Gli arredi sono legati soprattutto al gusto degli abitanti .In
questa stanza è stato utilizzato molto legno e la tecnica
decorativa del trompe l’oeil per il soffitto in modo da
creare finte architetture.
La
seconda stanza risulta un po’ più spoglia anche per il soffitto
non decorato a causa dei gravi danni provocati dall’incendio del1
1855.
Il
terzo ambiente è la camera da letto di Maria Teresa costituito dal
suo letto, una culla e un tavolo grande per banchetto. Sulla parete
troviamo un quadro che rappresenta il progetto originario del
castello di Rivoli .
Osserviamo
poi una serie di ambientini più piccoli adatti anche a creare
maggior intimità.
Le
ultime stanze sono anche le più moderne, dove vivevano Vittorio
Emanuele III e la Regina Elena. La loro è una camera in stile
liberty accanto alla quale troviamo la sala da bagno con due porte :
quella di sinistra che la collega alla camera oscura dove la regina
Elena, appassionata di fotografia, sviluppava personalmente le foto.
L’ultimo
ambiente è il Salottino della musica con soffitto
decorato con strumenti musicali , e lampadario in vetro di Murano.
All’esterno
l’immancabile, vastissimo parco, costituito da una serie di
piccoli edifici come il cinile, dove veniva custodito
e addestrato un centinaio di cani da caccia delle migliori razze,
una casetta di caccia costruita davanti ad un raffinato tempietto
gotico, simile alle abitazioni russe dette “dacie”, in occasione
della visita dello czar; dal porticato della casetta è possibile
notare in lontananza l’ombra scura della Grotta di Merlino,
affacciata a sua volta su uno dei laghi che costellano il parco.
Il
giardino raggiunse queste dimensioni con Carlo Alberto nel 1776. Fu
poi Giuseppina di Lorena a trasformarlo in un parco facendo piantare
numerosi alberi ad alto fusto. La cura dello spazio verde fu
interesse di numerosi professionisti: per esempio nel 1815 l’architetto
Kurten inserì una serie di alberi piantati in cerchio, a filare
semplice o doppio, tipico del parco all’inglese: non era un
paesaggio naturale, ma si presentava estremamente curato nei minimi
dettagli.
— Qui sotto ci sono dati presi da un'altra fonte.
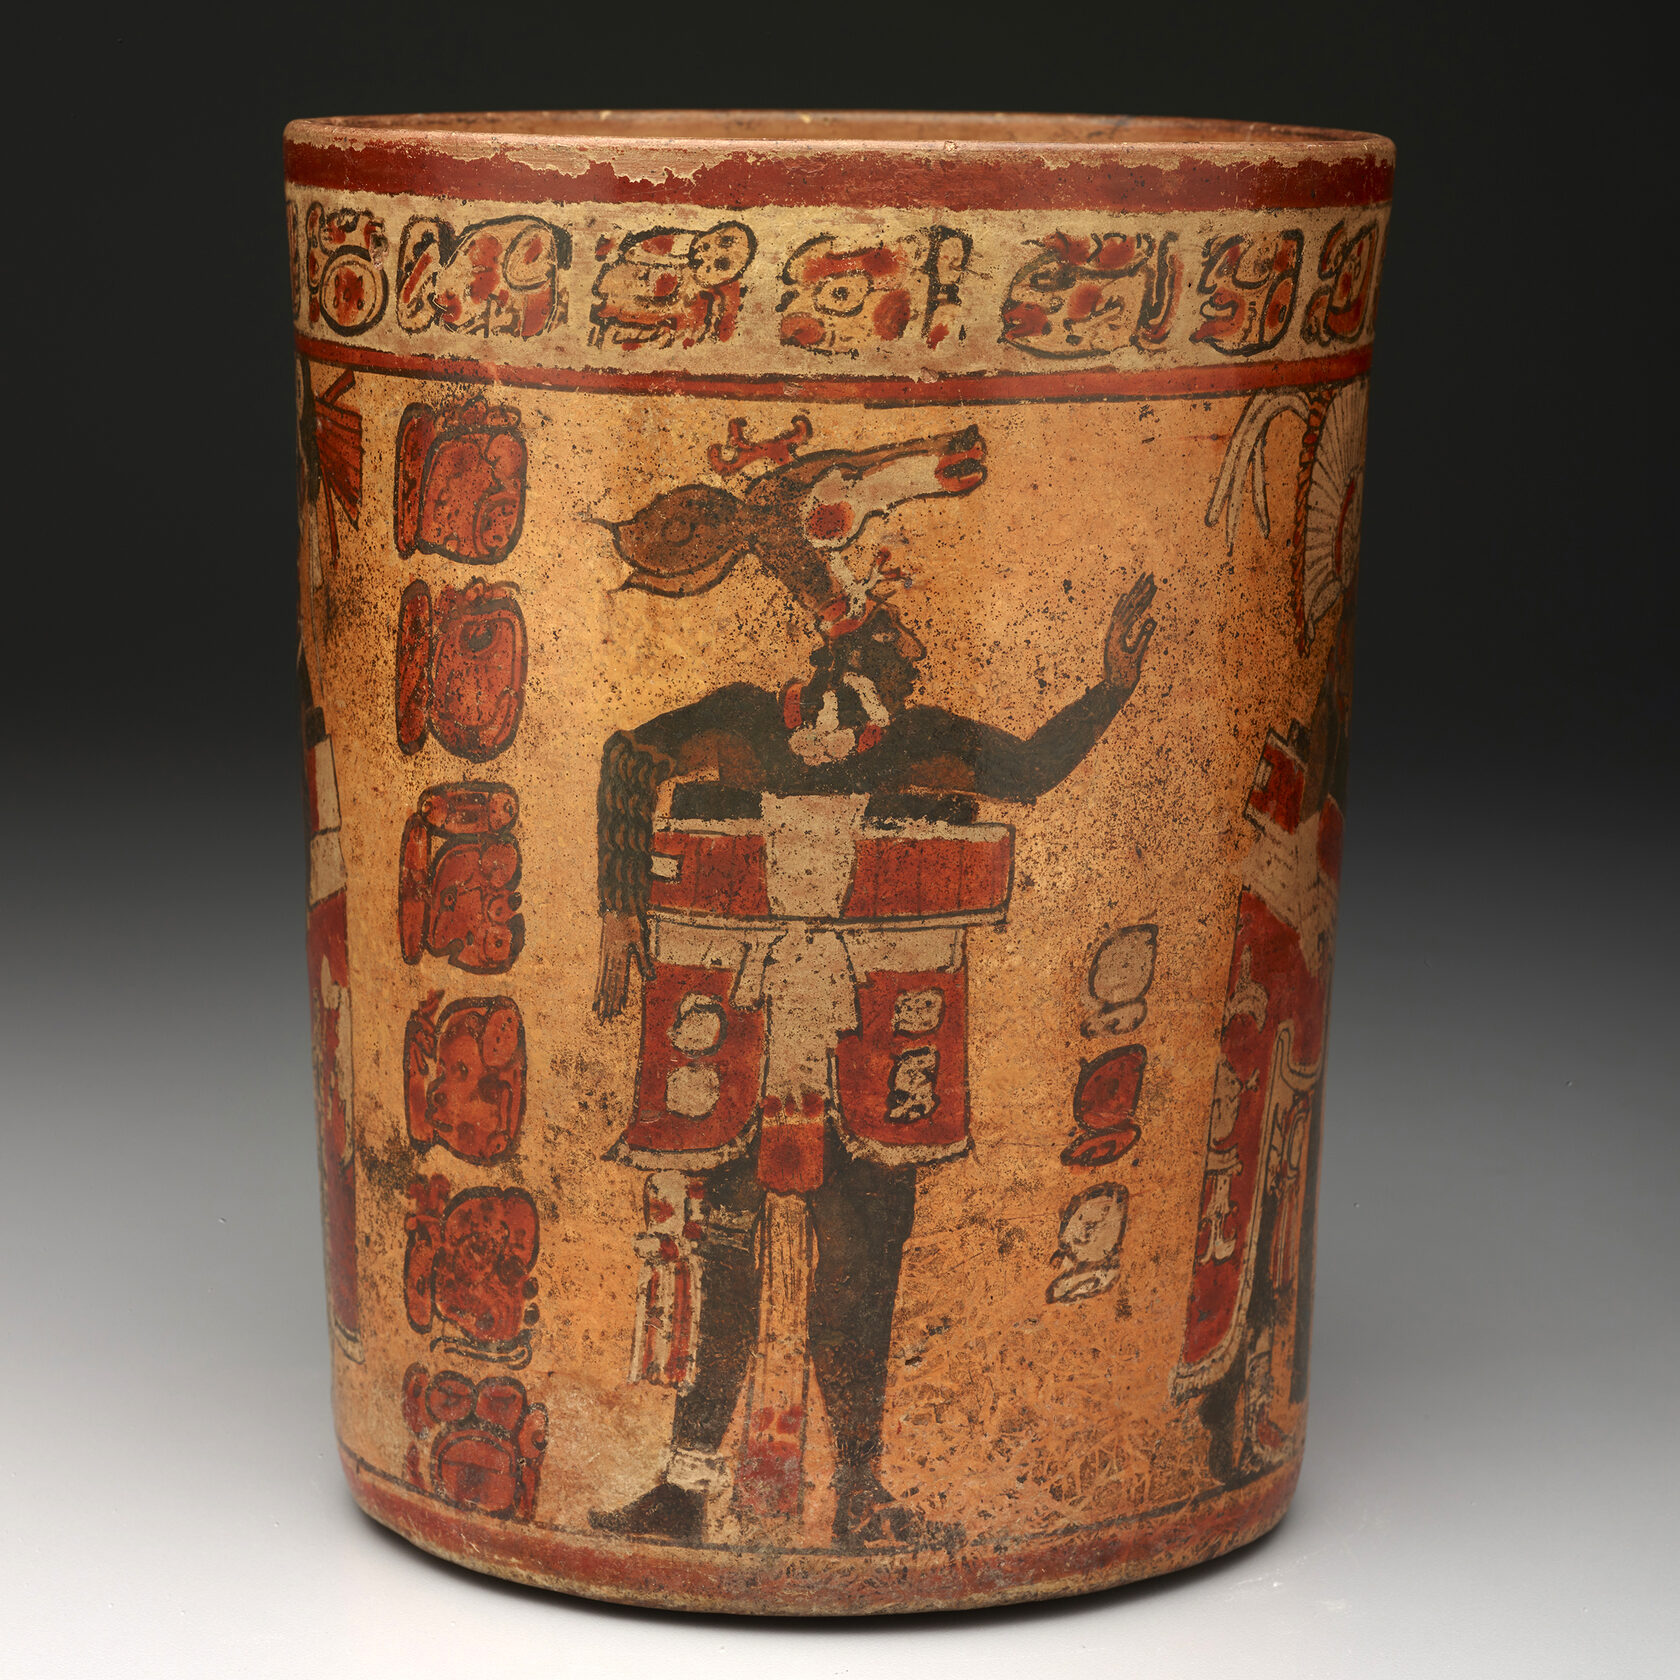 Цилиндрический сосуд со сценой игры в мяч. Майя, 682-701 гг. н.э. Коллекция Dallas Museum of Art.

In seguito Giacomo Pregliasco introdusse elementi
architettonici come la “fagianaia” dove accanto ai fagiani si
trovavano uccelli esotici testimoni della moda del tempo.
Alzando
gli occhi al cielo si possono veder volteggiare alcuni esemplari di
cicogne, aironi e altre specie protette dalla L.I.P.U da quando il
Castello di Racconigi divenne un’oasi ecologica.